If companies can experience nightmares, Apple (AAPL) just had one. The ever-so-formidable stock with a strong product portfolio and solid fundamentals had become the first US company to hit $1 trillion valuation on August 2. Apple had looked so promising that it could even shake Warren Buffett’s unyielding aversion towards tech stocks.
But then Murphy’s law kicked in – iPhone, which accounts for close to 60% of the tech giant’s total revenue, started showing signs of weakness and investors recklessly sent the stock plunging up to 39% from its 52-week high.
Since the start of this year though, the stock has mildly recovered, gaining about 10.5%. And after all this unusual drama, Apple is now scheduled to report first-quarter 2019 results on Tuesday, January 29, after market close. So what’s on the cards?
Analysts project Q1 earnings of $4.17 per share, on revenue of $84.10 billion. This compares with the year-over period’s earnings of $3.89 per share on revenue of $88.3 billion. The revenues are therefore expected to decline about 4.7% from last year.
However, the top-line shocker is now already embedded into the stock as it was already cautioned by CEO Tim Cook earlier this month, putting all the blame on weakness in China and the emerging markets.
Putting an ax on its own revenue guidance is a rare habit for the company – last time it had happened 15 years ago. In fact, the CEO announcement was only a mere confirmation of what was already being widely speculated in the markets, thanks to guidance cuts by a slew of material suppliers and partner manufacturers.
With the revenue decline already warned and unit sales figures removed from its financial reporting, investors will be looking at other metrics to evaluate the stock. An important metric in this regard should be the operating margin.
During the September quarter, Apple had reported a 67bp increase in its operating margins, after 11 straight quarters of declines. The jump in Q4 was primarily due to a slight delay in the launch of its iPhone Xs models, compared to cheaper 8 models last year.
From Q1 though, once again expect declines in operating margins as Apple, unlike its usual self, is giving away massive discounts to sell more iPhones. Analysts expect iPhone revenues to decline double digits this quarter, compared to a 29% jump in the same period last year.
Investors will also be looking at Apple services, which is touted to be the next big thing for the tech giant. The services segment is projected to grow 27% to breach the $10 billion mark. Tim Cook had earlier remarked that non-smartphone revenues are expected to jump 20% in 2019. Going by this bullish projection, Apple is well positioned to achieve its target of doubling the services revenue between 2016 and 2020.
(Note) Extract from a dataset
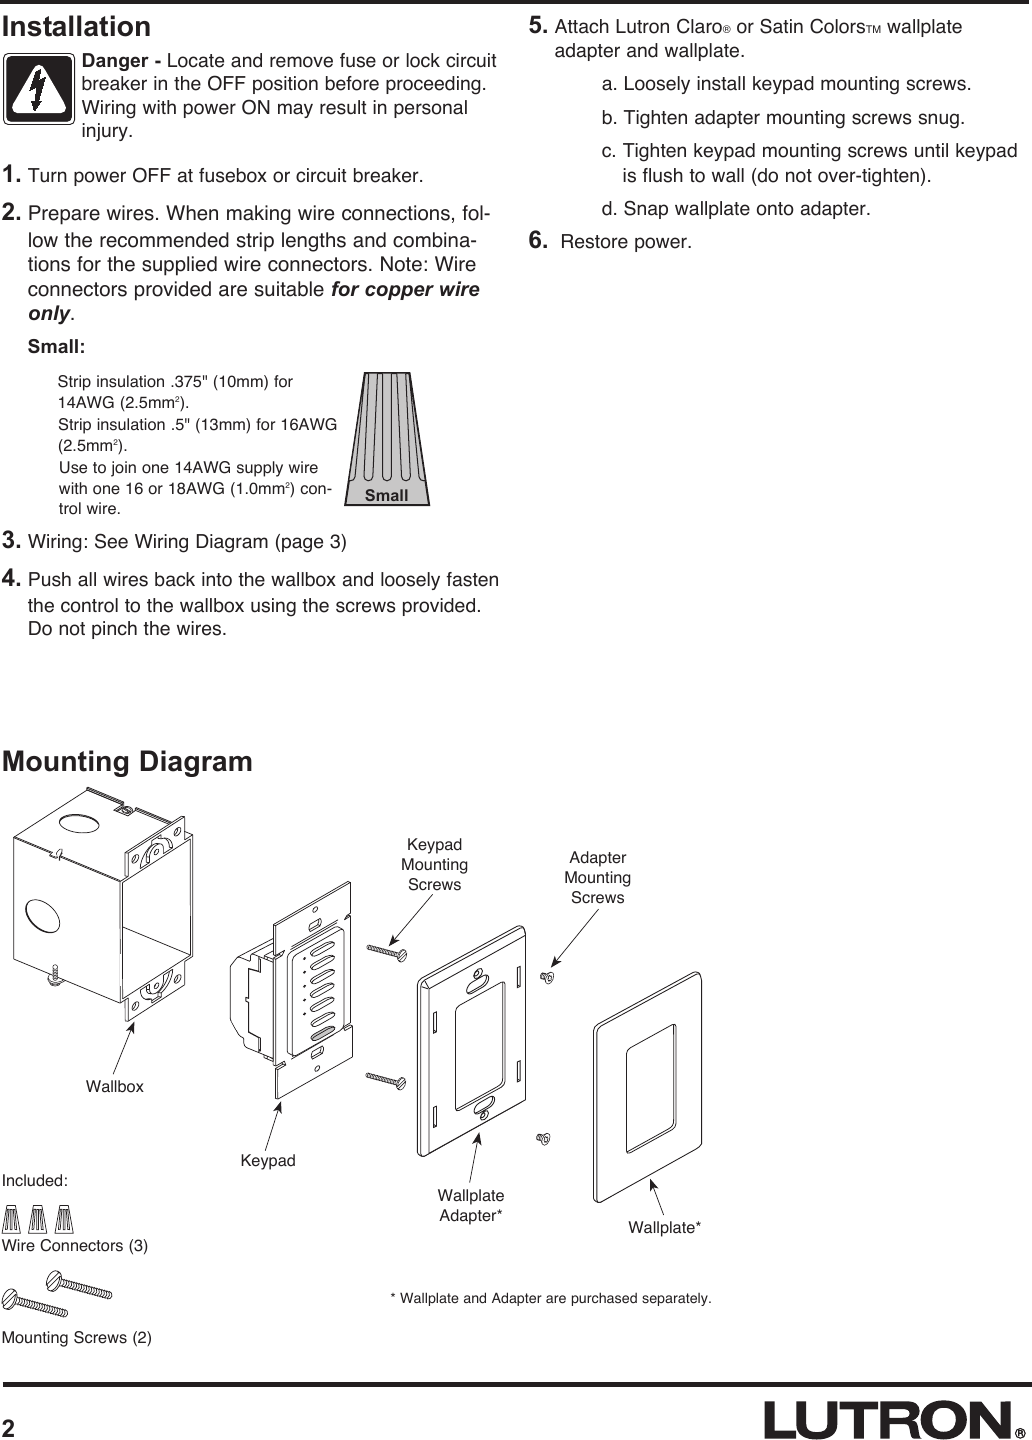 Mounting DiagramWallboxWallplateAdapter* Wallplate*KeypadMountingScrewsKeypadAdapterMountingScrews2* Wallplate and Adapter are purchased separately.1. Turn power OFF at fusebox or circuit breaker.2. Prepare wires. When making wire connections, fol-low the recommended strip lengths and combina-tions for the supplied wire connectors. Note: Wireconnectors provided are suitable for copper wireonly. Small: Strip insulation .375&quot; (10mm) for14AWG (2.5mm2). Strip insulation .5&quot; (13mm) for 16AWG(2.5mm2).Use to join one 14AWG supply wirewith one 16 or 18AWG (1.0mm2) con-trol wire.3. Wiring: See Wiring Diagram (page 3)4. Push all wires back into the wallbox and loosely fastenthe control to the wallbox using the screws provided.Do not pinch the wires.5. Attach Lutron Claro®or Satin ColorsTM wallplateadapter and wallplate. a. Loosely install keypad mounting screws.b. Tighten adapter mounting screws snug.c. Tighten keypad mounting screws until keypadis flush to wall (do not over-tighten).d. Snap wallplate onto adapter.6. Restore power.Included:Wire Connectors (3)Mounting Screws (2)InstallationDanger - Locate and remove fuse or lock circuitbreaker in the OFF position before proceeding.Wiring with power ON may result in personalinjury.Small

Also, Apple’ soon-to-be-launched streaming service, which will compete with Netflix (NFLX) and Amazon (AMZN) Prime Video, will join the lucrative services unit and help boost its overall revenues.
Apple is definitely not the quality stock that it used to be. However, the market expects the company to reward the investors who remain long on the stock. Q1 earnings will act as a teaser to the company’s expected performance for the rest of this year.